#akep15: „Das Smartphone war erst der Anfang.“

Einen Blick in die Zukunft werfen? Kein Problem mit Dr. Ulrich Eberl. Der Wissenschafts- und Technikjournalist, Autor und Gründer des Magazins „Pictures of the Future“ von Siemens hat sich der Zukunftsforschung verschrieben. Während der AKEP-Jahrestagung machte er einem Rundumschlag zum Hauptthema „Das Internet der Dinge – wenn Maschinen mehr und besser kommunizieren als Menschen.“

Wie viele Daten sind seit Anbeginn der Menschheit entstanden? Mit dieser Frage führte Eberl in sein Thema ein. Tatsächlich hatte ein Forscher ausgerechnet, wie viele Bücher, Zeitungen, Filme, Audioaufnahmen, Fotos, Gemälde und vieles mehr wir bislang produziert haben und kam auf das beeindruckende Ergebnis von 2 Exabyte.
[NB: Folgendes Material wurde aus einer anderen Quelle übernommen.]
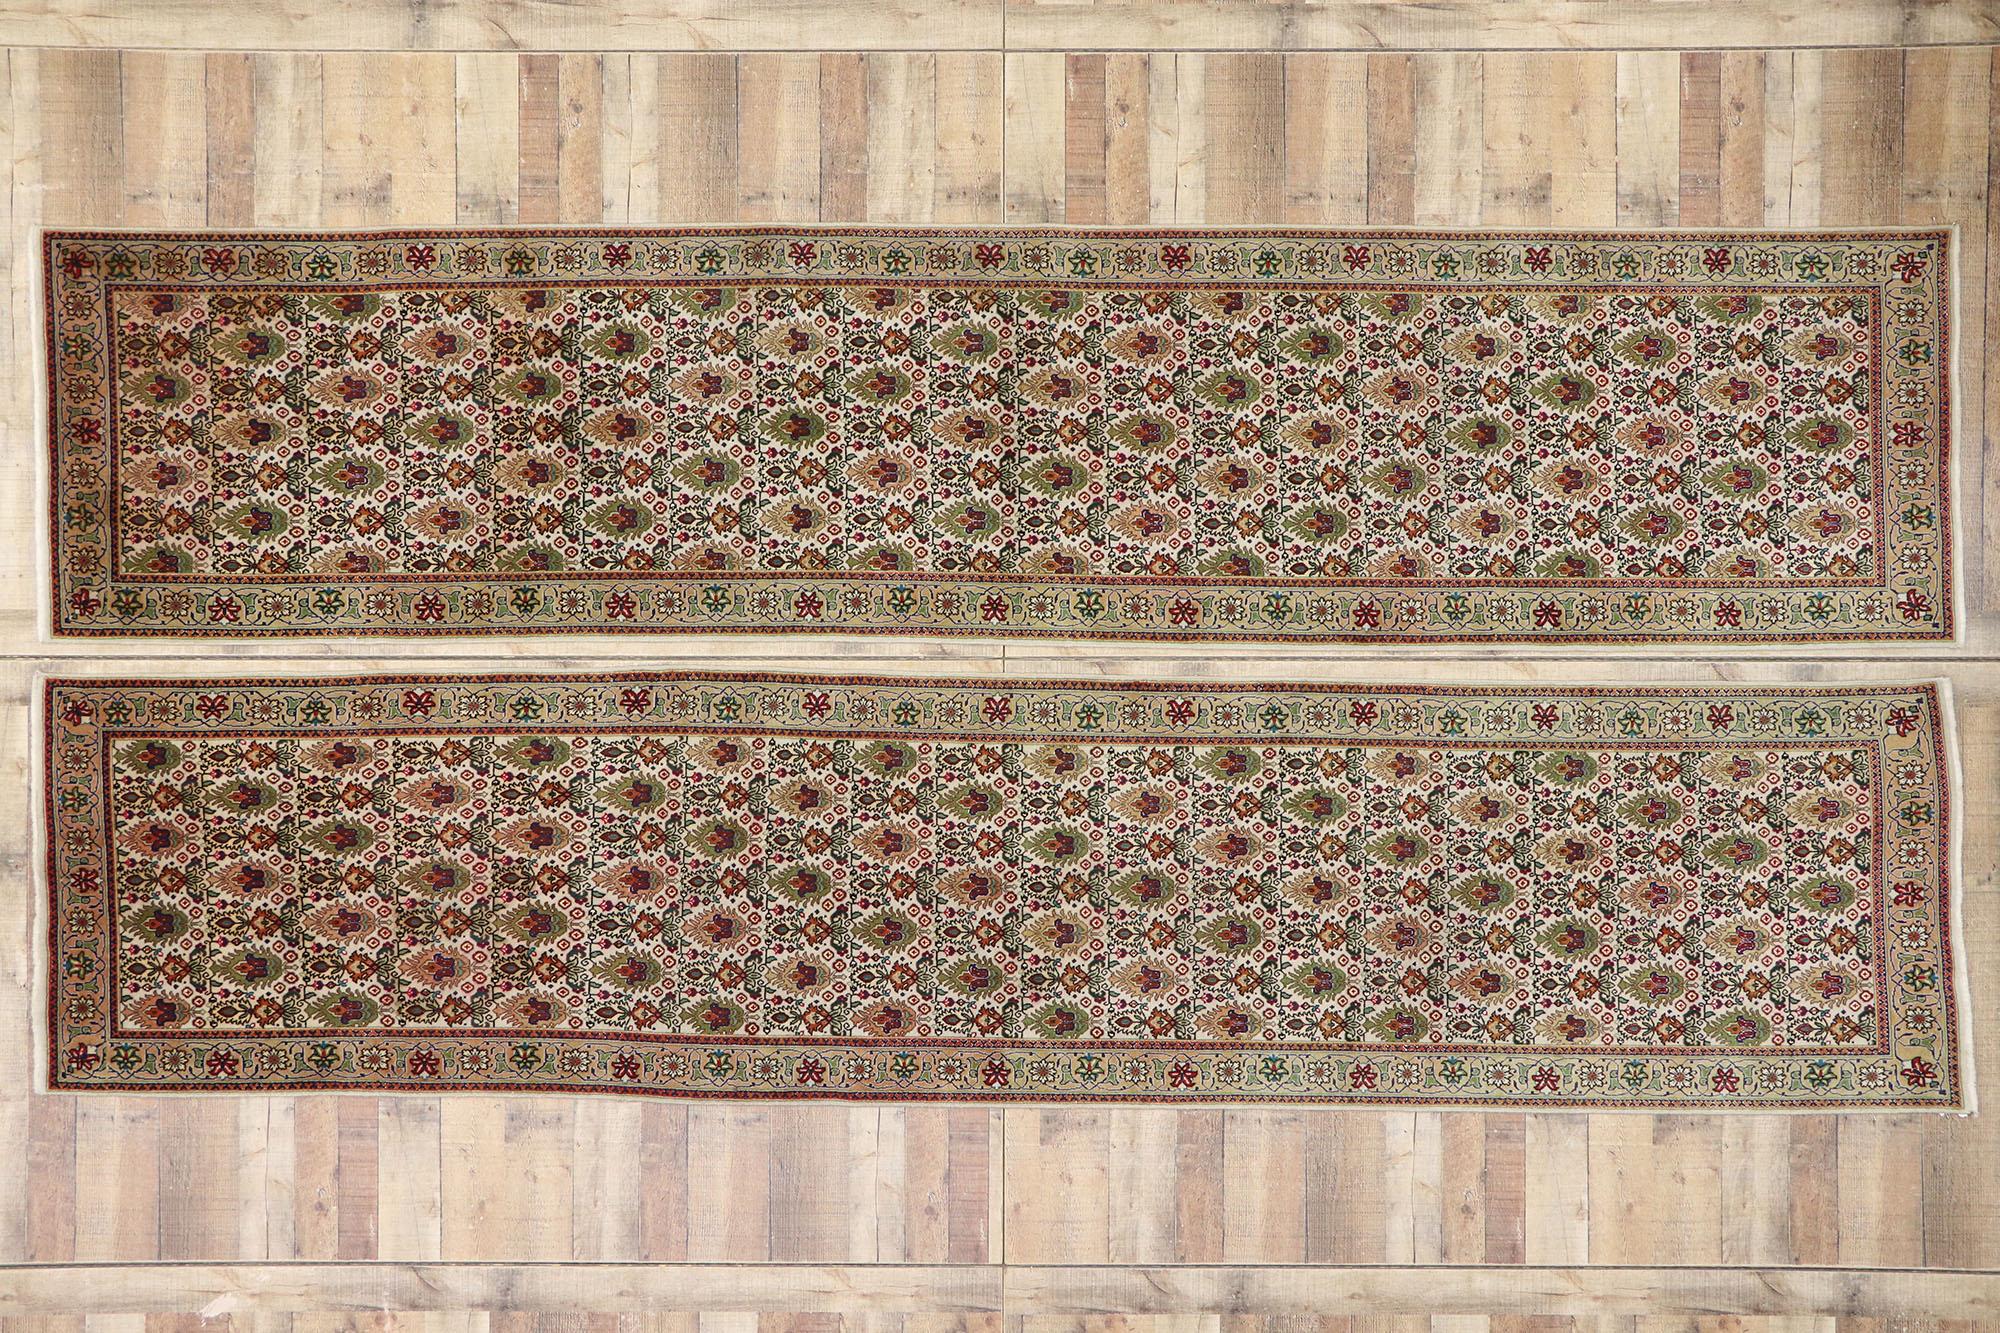 Matching Pair of Antique Persian Tabriz Runners with Arts & Crafts Style For Sale 4

Inzwischen werden so viele Daten pro Tag produziert. „Wir sind mitten drin in dieser exponentiellen Entwicklung.“

Die Daten entstehen nicht nur, wenn Menschen miteinander kommunizieren, sondern inzwischen auch nur von Objekten, beispielsweise in der medizinischen Bildgebung oder von intelligenten Stromzählern. „Das sind alles Things – und keine Menschen“, schloss Eberl und listete auf, wie schleichend sich der Wandel vollzieht. Früher beriet sich der Arzt mit seinen Kollegen, bevor er die Schlussfolgerungen dem Patienten vortrug. Heute gibt es Computersysteme wie „Watson“ von IBM, der sämtliche Diagnose- und Therapie-Wahrscheinlichkeiten miteinander abgleicht und Empfehlungen ausspricht. Früher recherchierte und schrieb ein Journalist seine Artikel, heute werden Sport-, Wetter- und Börsennachrichten teilweise schon von Robotern geschrieben. Diese Entwicklung wird weiter fortgesetzt: „Das Smartphone war erst der Anfang – mit dem Internet der Dinge wird alles smart.“

Ulrich Eberl

Die Zukunft wird auf diese Technik angewiesen sein, wie Ulrich Eberl aufzeigte. Bis 2050 werden wahrscheinlich 9,5 Milliarden Menschen den Planeten bewohnen. Die Generation von Menschen über 65 Jahren wird drei Mal so groß sein wie heute. In gigantischen „Smart Cities“ werden fast so viele Menschen leben wie heute auf der gesamten Welt. Neben dieser demografischen Entwicklung spielt auch die technische eine Rolle: Die Rechenleistung, die Speicherfähigkeit und die Datenübertragung von Mikrochips werden sich bis 2040 vertausendfachen – und wesentlich billiger werden.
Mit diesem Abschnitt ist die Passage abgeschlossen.